Analysts tend to focus on understanding history (e.g., What happened to customer signups in June?), whereas Data Scientists tend to focus on building models to make predictions about the future (e.g., Given that we know X, we can create a model to predict which prospects we should reach out to, and what markets we should focus on.)
A Data Scientists strengths, like the capability to clean and preprocess data, evaluate, create, and maintain models, and validate data, can lend them to work with multiple stakeholders, from product and engineering, to finance and business leadership.
As your team continues to grow, what you do next really depends on need, but at some point if you scale into a larger company, you should consider embedding with other teams.
As you grow, data roles should embed with other teams
When a company is small, data teams tend to be more centralized or work as one team. As you grow, it will become more important to decentralize certain roles and their work.
Data and Analytics Engineers are almost always generally centralized, whereas Data Analysts and Scientists typically become more decentralized from the team as a company scales.

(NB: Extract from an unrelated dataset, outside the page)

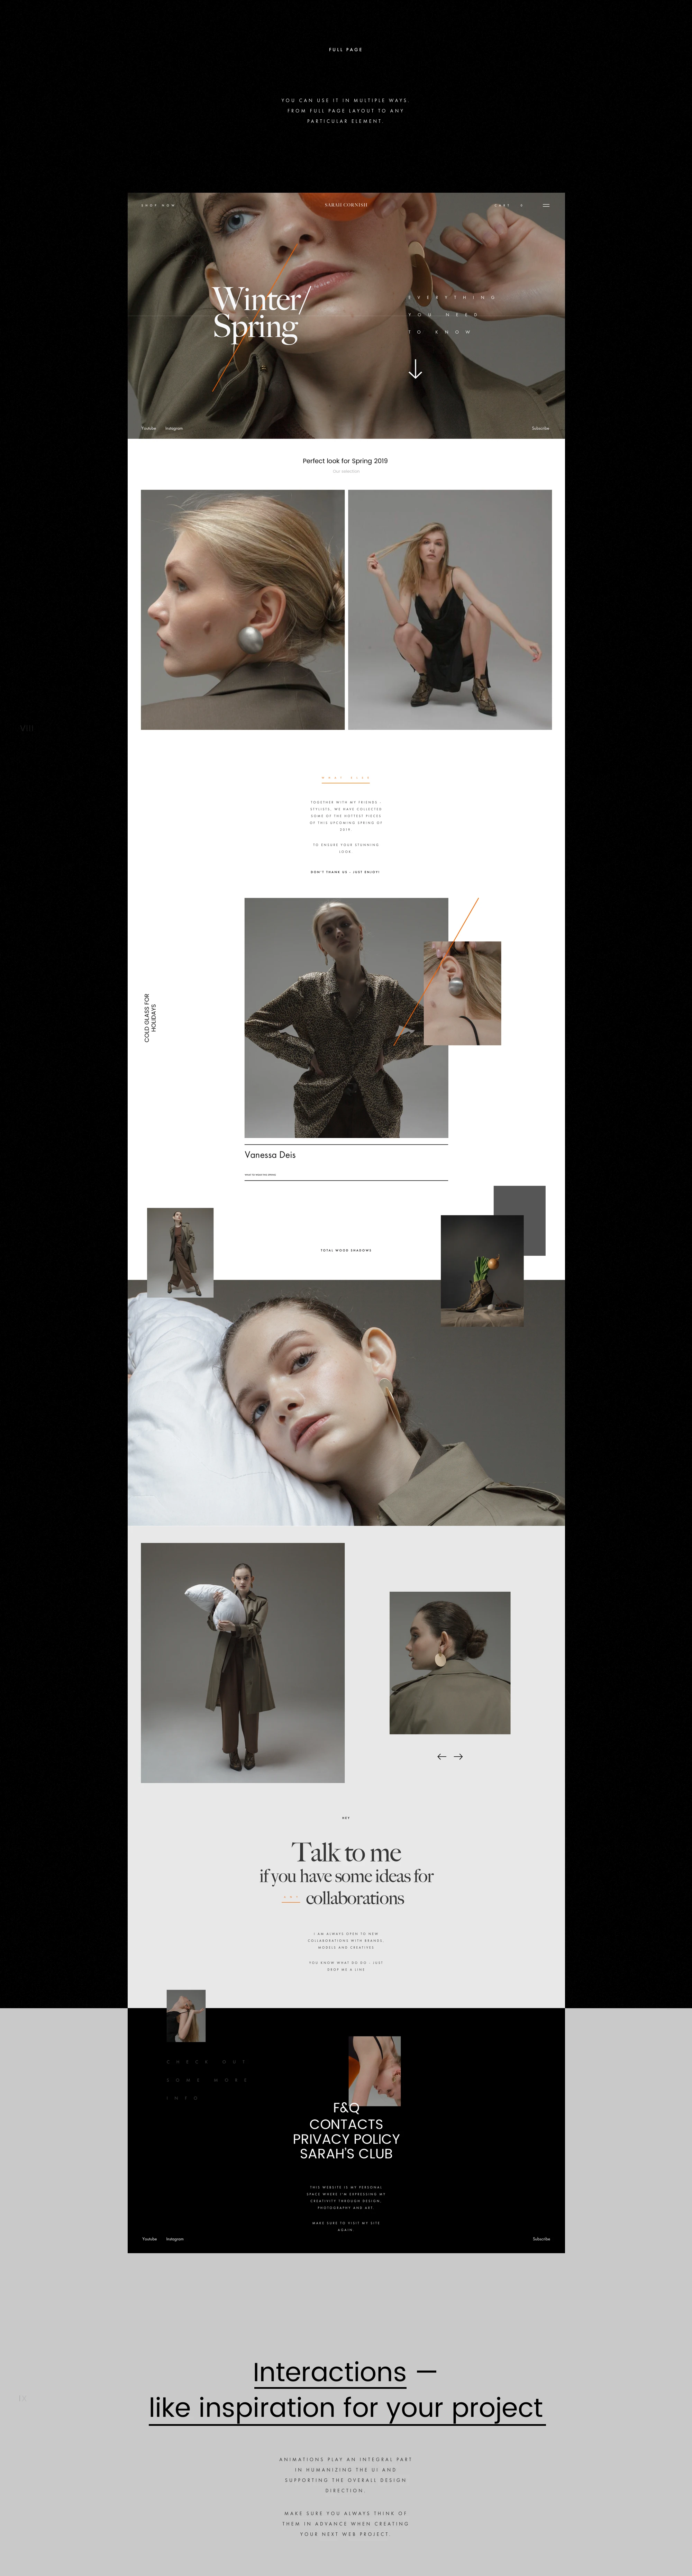 Fashion Influencer UI Kit for Adobe XD - The UI Kit itself is #MadeInAdobeXD and is available for free. It features a ton of goodies for you to use in your next design projects! Don't miss out!
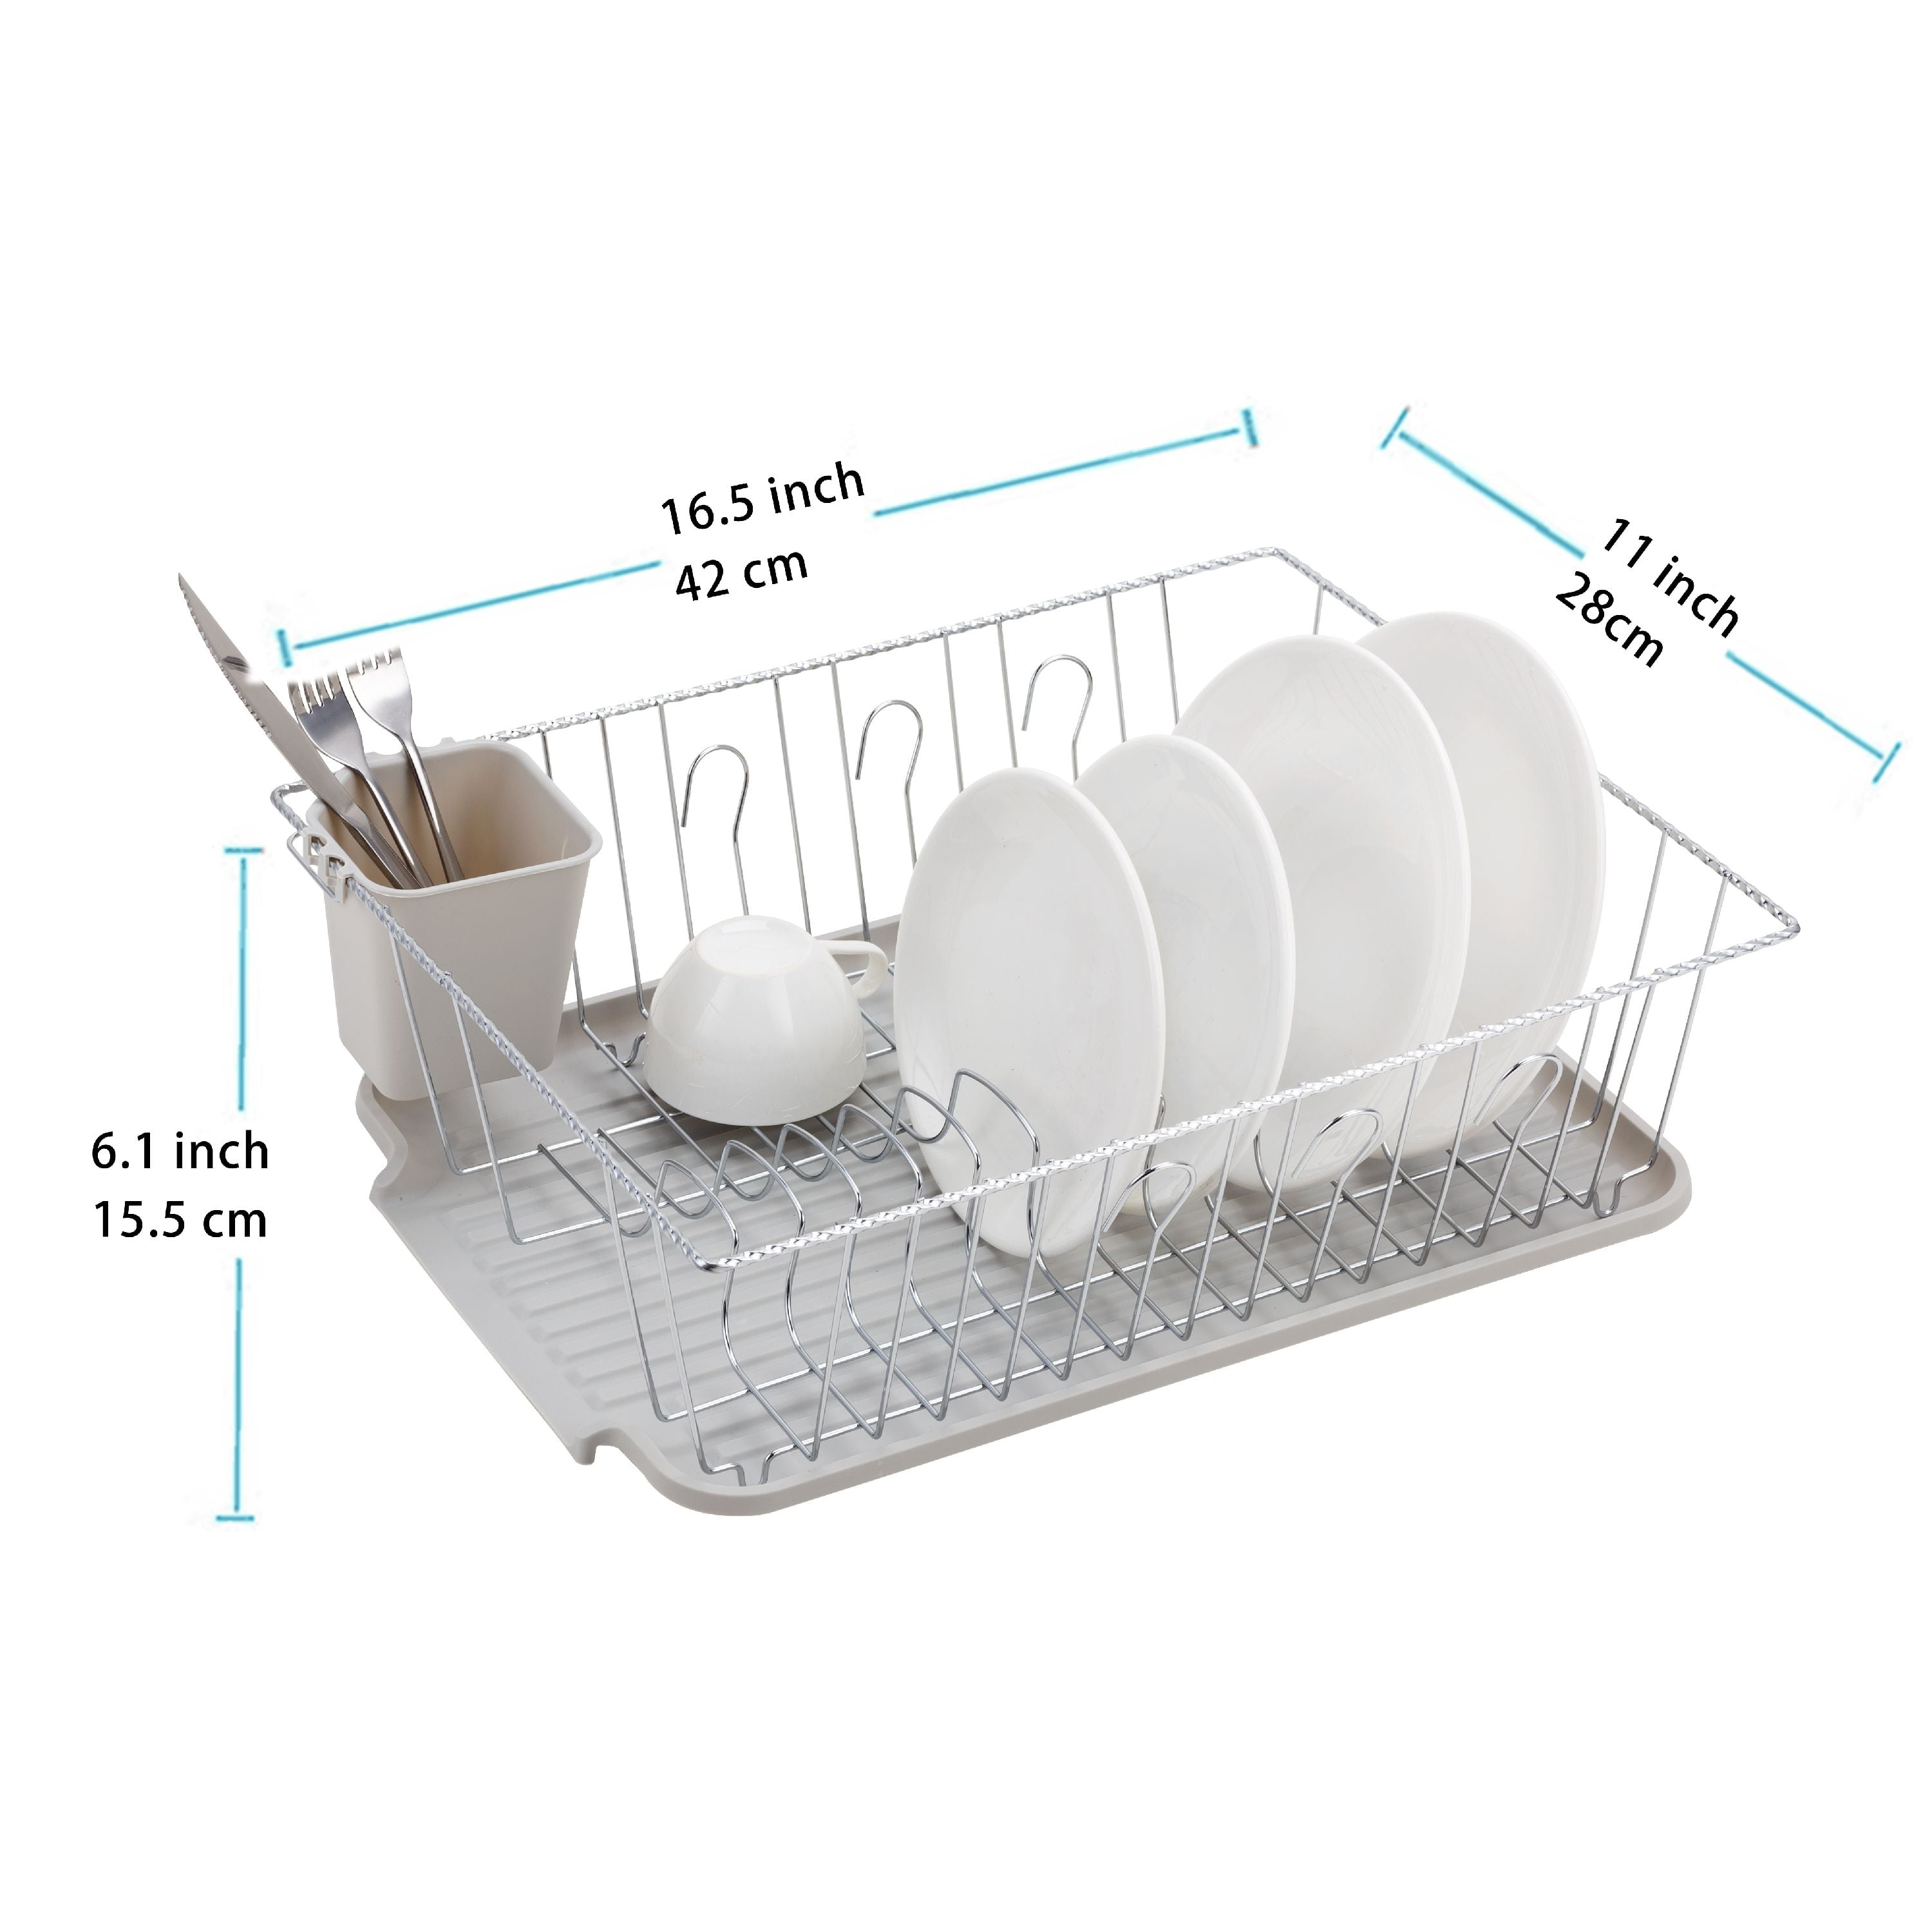 The Kitchen Sense Chrome 2 Tier Deluxe Dish Drying Rack with Drain Tray

This is because Data Analysts and Scientist need to interact with others to gain domain knowledge, and often need to available when data discrepancies and issues happen.
At this stage, the closer these roles sit to their domain area, the better their work will be. For example, if a Data Analyst’s domain area is in a specific type of product, your product, design, and engineering teams will have a lot of valuable insight on customers. Let them embed within these teams to work closely, and efficiently, together.
Keep moving toward making data available for the entire company
As you scale, self-service analytics can distribute some of the weight off of your data team. Work toward improving data literacy at the company level so everyone can learn and appreciate using data, and focus on ways to streamline ad hoc requests to avoid burnout.
Most importantly, track internal data points around data roles and processes. Data team feedback is extremely valuable. Listen to what they have to say, and work toward improving environment. It’ll have the largest impact on data culture at your company.